I am an unmarried mother of two girls, ages 9 and 10. I also have a boyfriend of three years. My youngest daughter gets along great with my boyfriend and my oldest one used to. For the last past months my 10yr old acts as if she can’t stand him when he’s around. I once broke off of the relationship to satisfy my daughter, but then she only asked about him all the time. She has accused me of ignoring her when he is around, but we constantly do things as a family and I have designated time for her and my 9yr old one on one. Please help me ! ! ! !
It’s really easy for adults to engage in adult conversation when children are around, and children often feel left out. It can happen with married couples and with same-sex friends as well; it isn’t just because he’s your boyfriend.
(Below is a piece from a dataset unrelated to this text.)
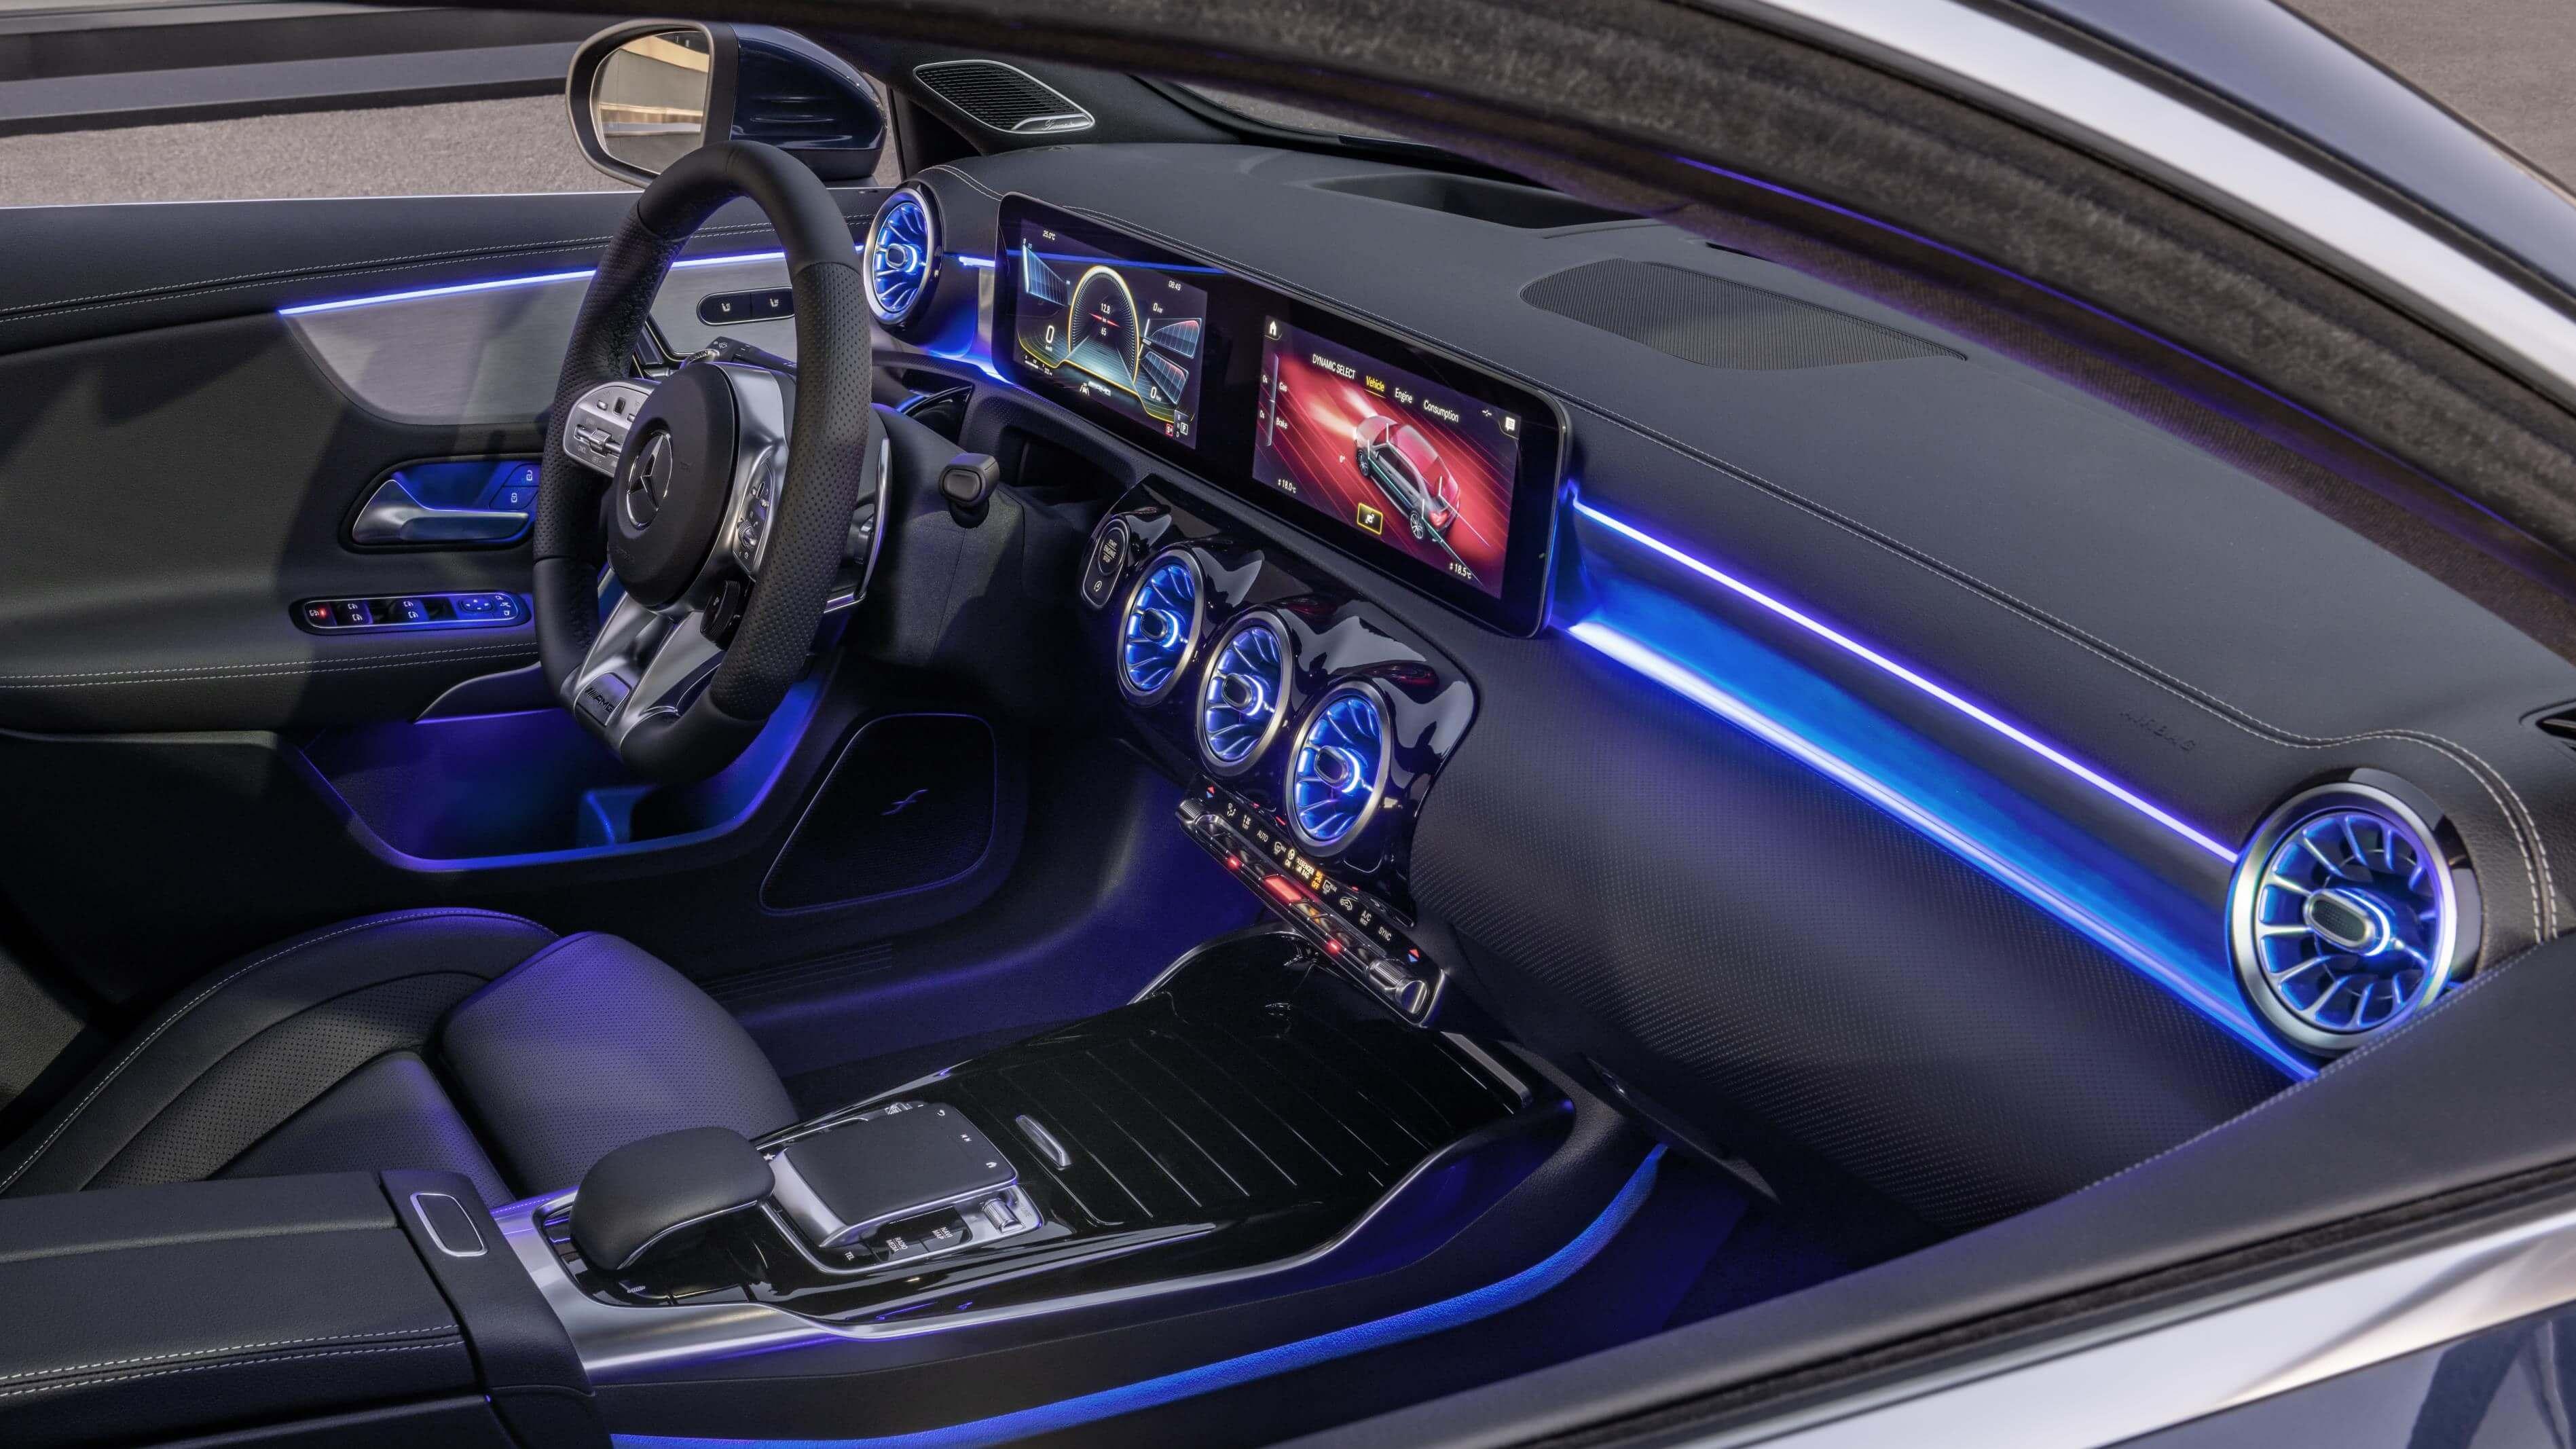 Mercedes-AMG A 35 4MATIC Sedán: interior

However, it may be more noticeable with single parents because the children are used to having their parent’s undivided attention, and suddenly there’s this other adult who has a claim on this attention, and they have to wait.
It may help to make it clear to your daughters and your boyfriend that there are several kinds of time together:
1. When it’s a time for everyone to be together (e.g. at dinner), the subjects of conversation should be things of interest to everyone, and no one should engage in 1:1 conversation which leaves others out. You can say “This is together time for everyone, so you girls can stop us if we start an adult conversation.”
2. When you and your boyfriend are spending time together, and your children just happen to be around the house, then it’s okay for you and him to talk with one another, and the girls need to learn to wait their turn. You can say “This is time for me and Bob to be together, so you girls need to amuse yourselves without counting on us.”
3. When you are spending special time with one or both of the girls, then your boyfriend needs to so something else and respect your family time. You can say “Bob, I know you want to spend time with me, but I promised to spend this time with my daughter, so you need to go home or read a book or something and not interrupt us.”
Children of this age really respond to fairness and rules, so it will help your daughter if you make it clear that there are these three kinds of time, and everyone gets their turn. You talk about time with your boyfriend and the girls being “family time,” but is it? Is he their stepfather or just your boyfriend? There is a difference. Your daughter may be grieving for the original family you had without him. Make sure that you get both time with your original family (just you and the girls, without Bob) as well as 1:1 time with each girl. The pressures on your time are more intense now that your boyfriend is involved, and you have to protect the girls’ time with you.